── AVAILABLE DATA ──
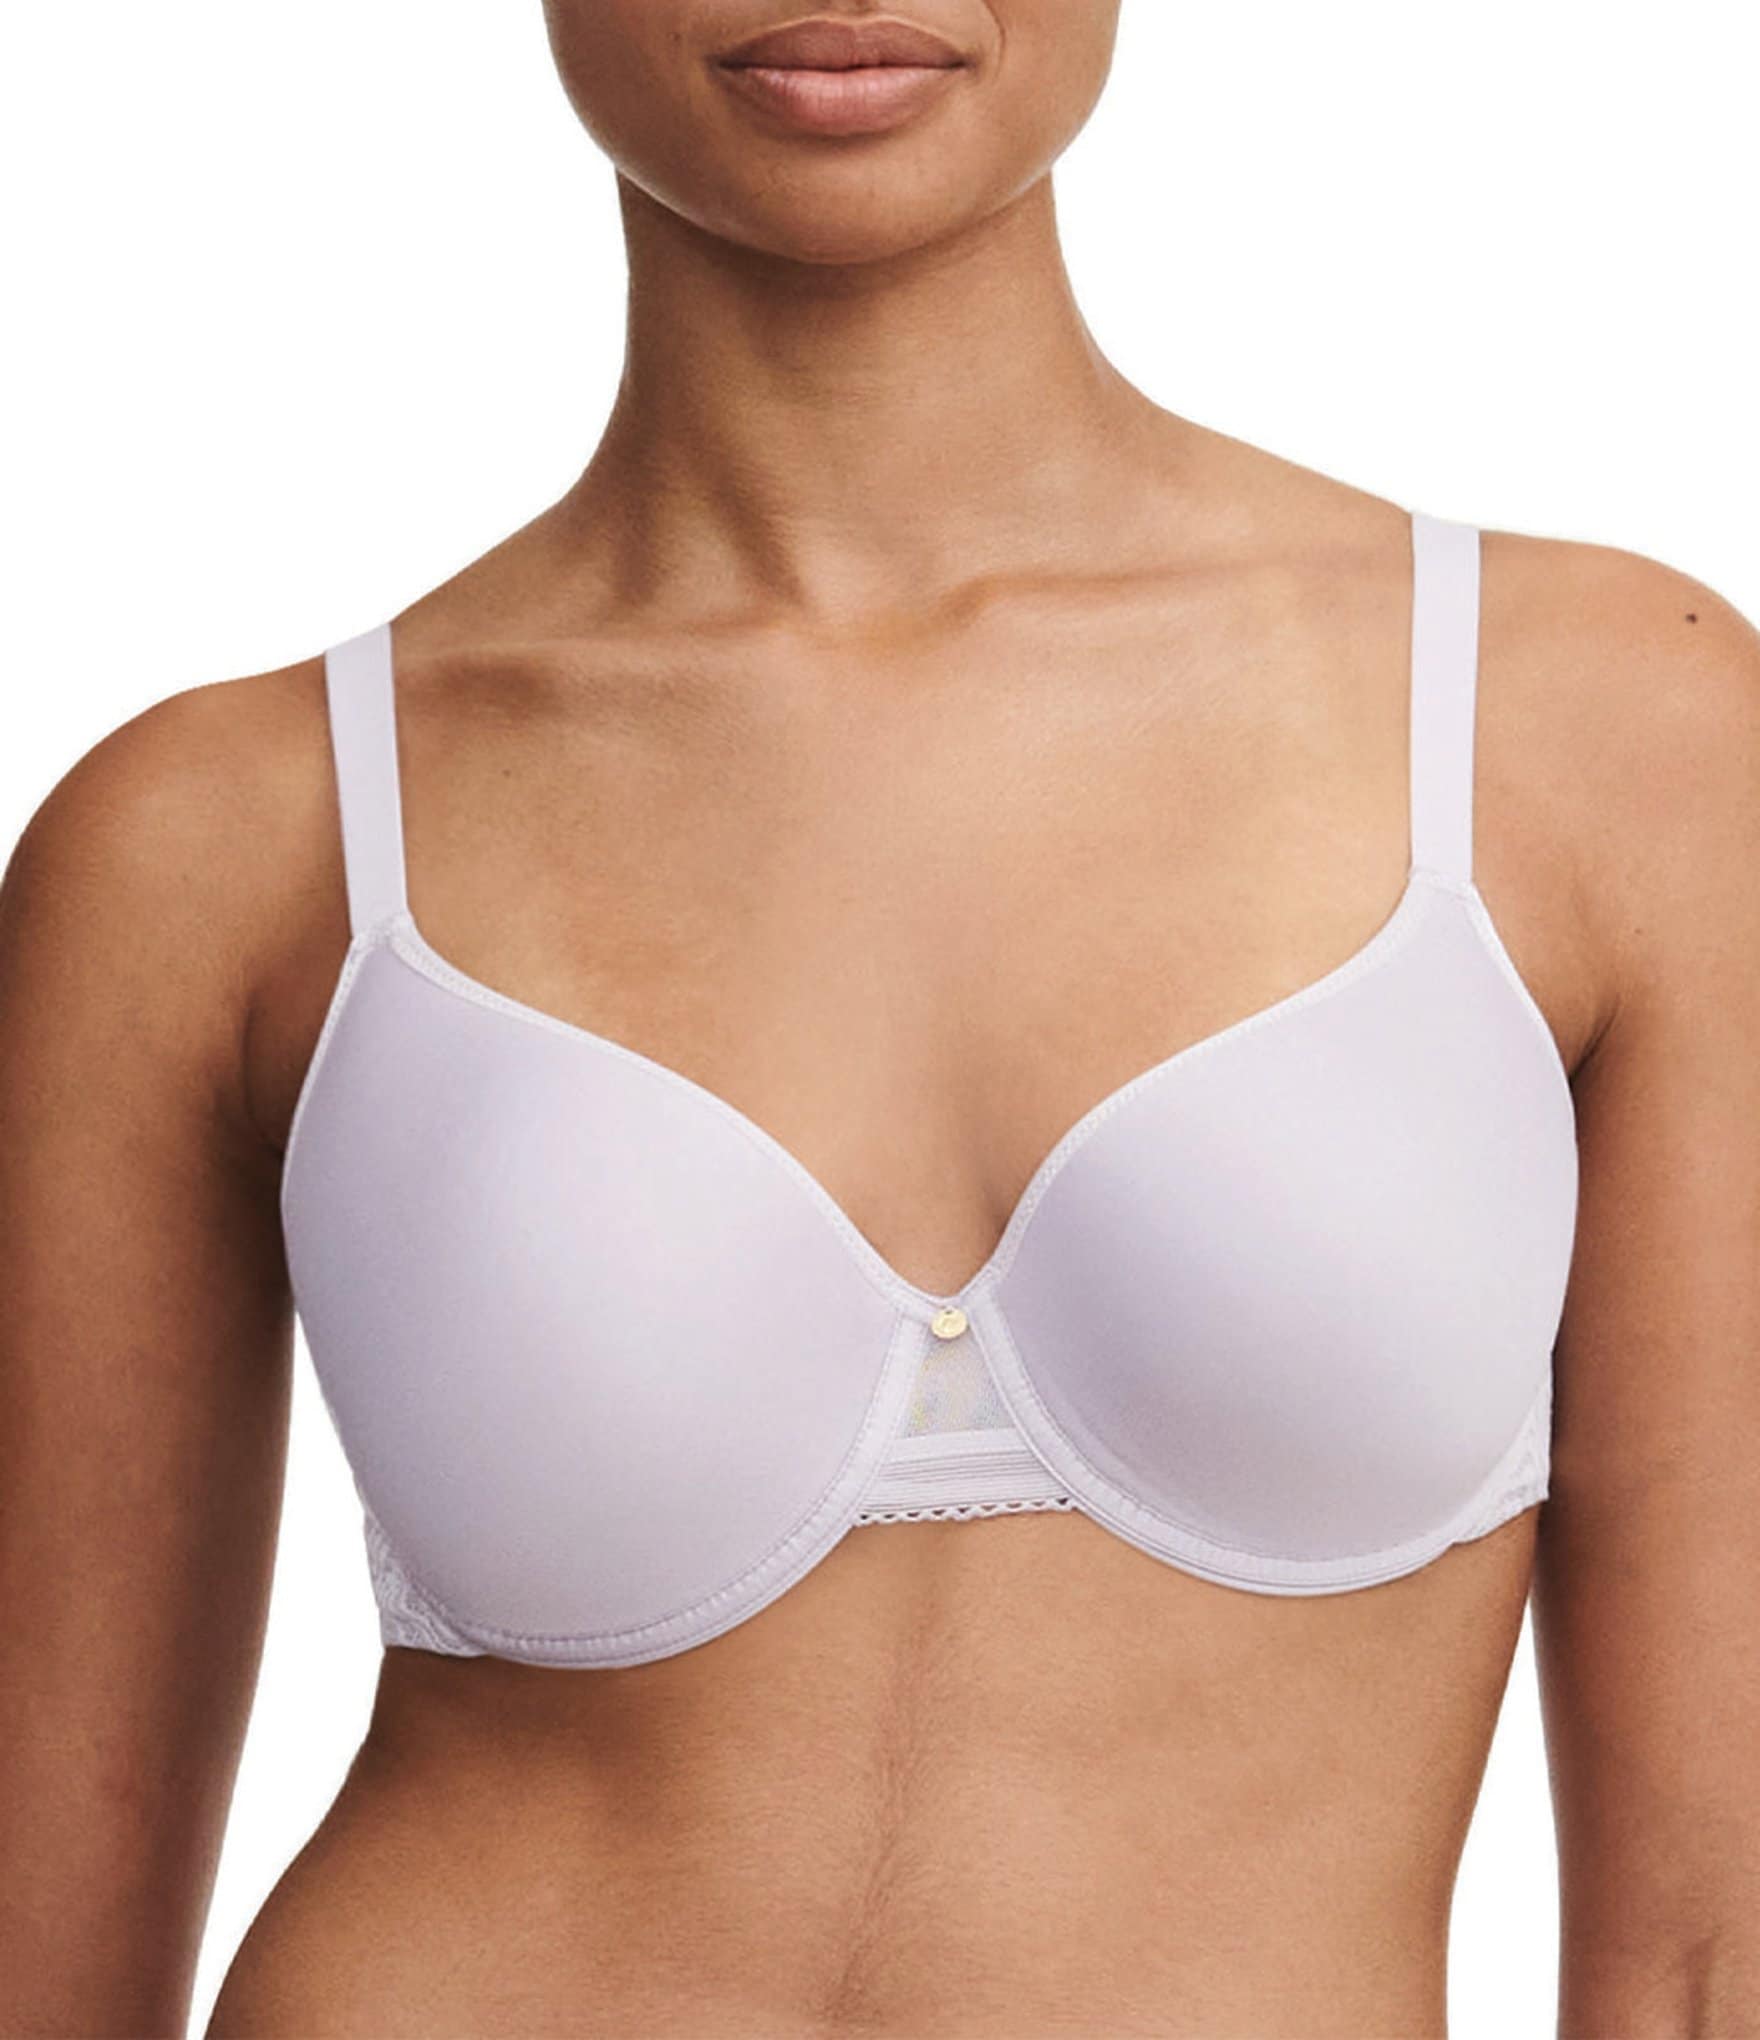 Wholesale undergarments - Foam bra Size 36 to 42 Rs 2400
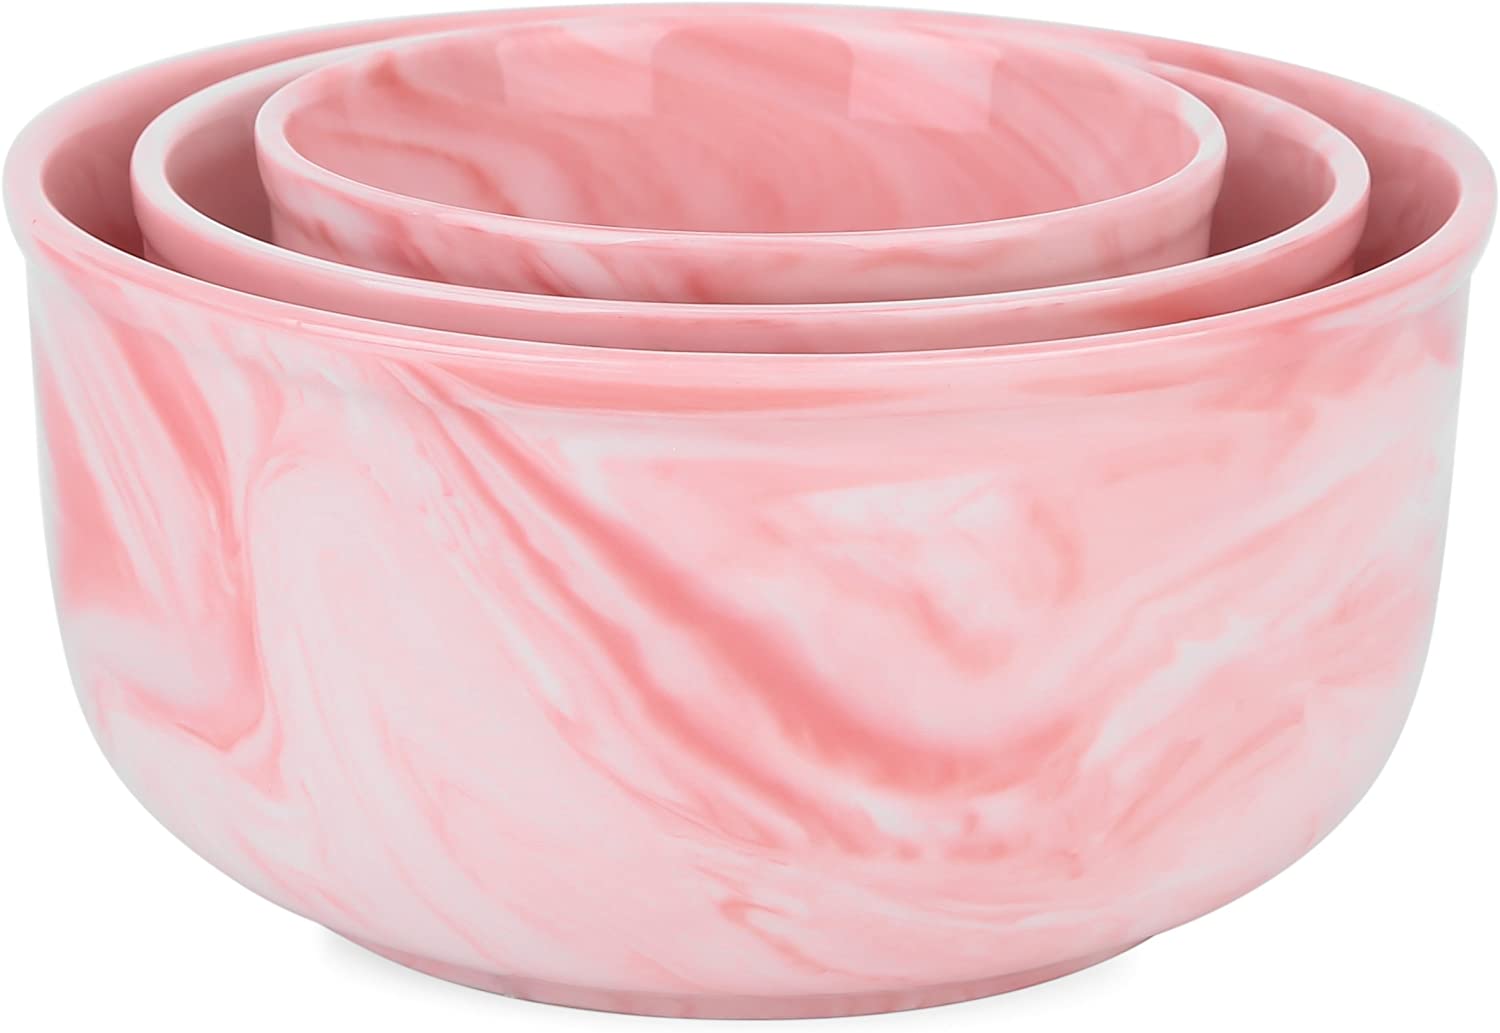 Vancasso Set of 3 porcelain bowls in 3 sizes, soup bowls, cereal bowls, snack bowls, dip bowls, diameter 15 / 12 / 9.4 cm, spiral decoration, pink
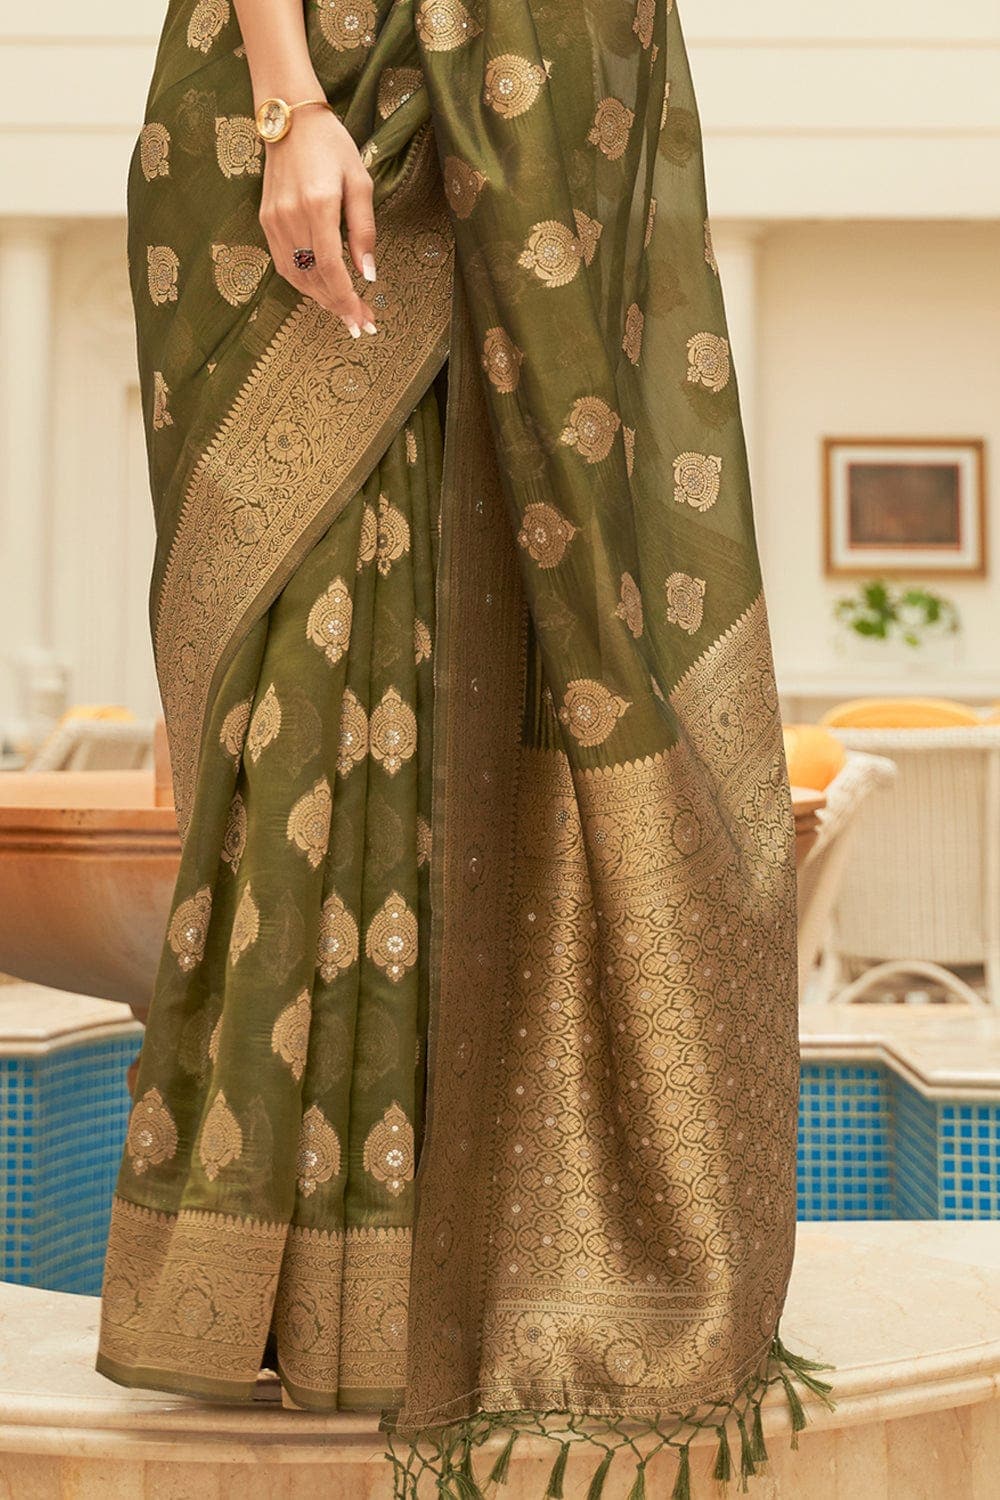 Sea green silk plain saree with designer blouse 5904
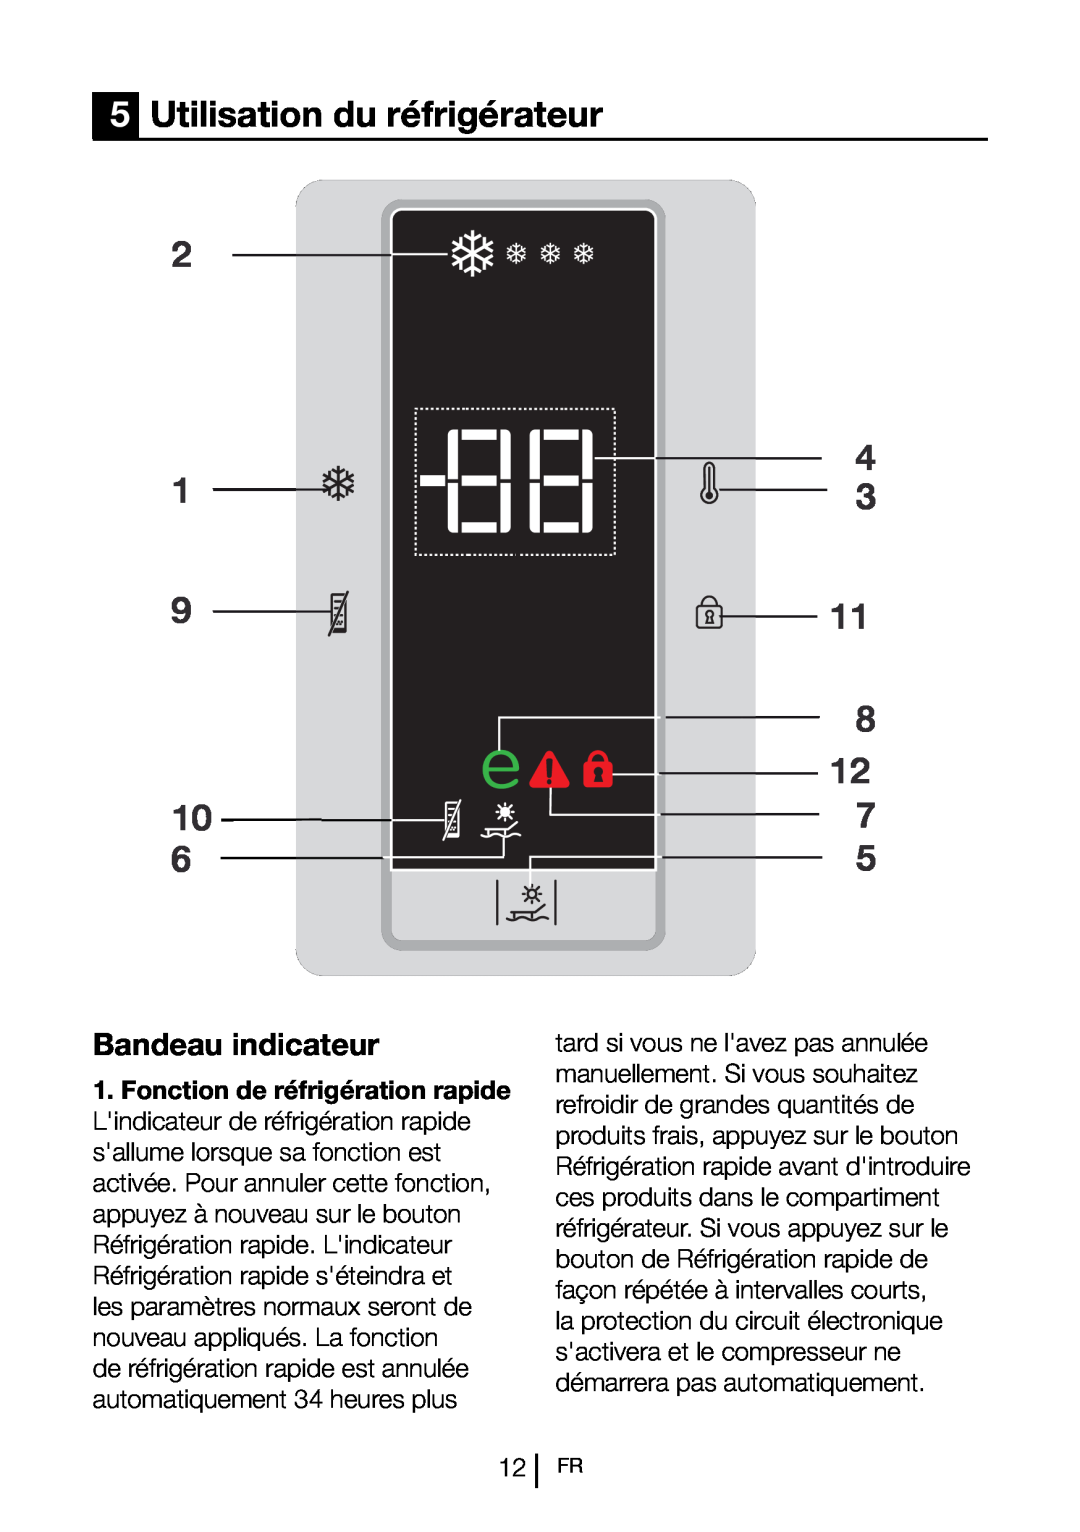 Blomberg SND 9681 XD Utilisation du réfrigérateur, Bandeau indicateur, Fonction de réfrigération rapide
───
YOUR GOAL - Would it be possible to reproduce the material word for word, images omitted?

FINISHED EXERCISE -
 Wholesale undergarments - Foam bra Size 36 to 42 Rs 2400
 Vancasso Set of 3 porcelain bowls in 3 sizes, soup bowls, cereal bowls, snack bowls, dip bowls, diameter 15 / 12 / 9.4 cm, spiral decoration, pink
 Sea green silk plain saree with designer blouse 5904
 Blomberg SND 9681 XD Utilisation du réfrigérateur, Bandeau indicateur, Fonction de réfrigération rapide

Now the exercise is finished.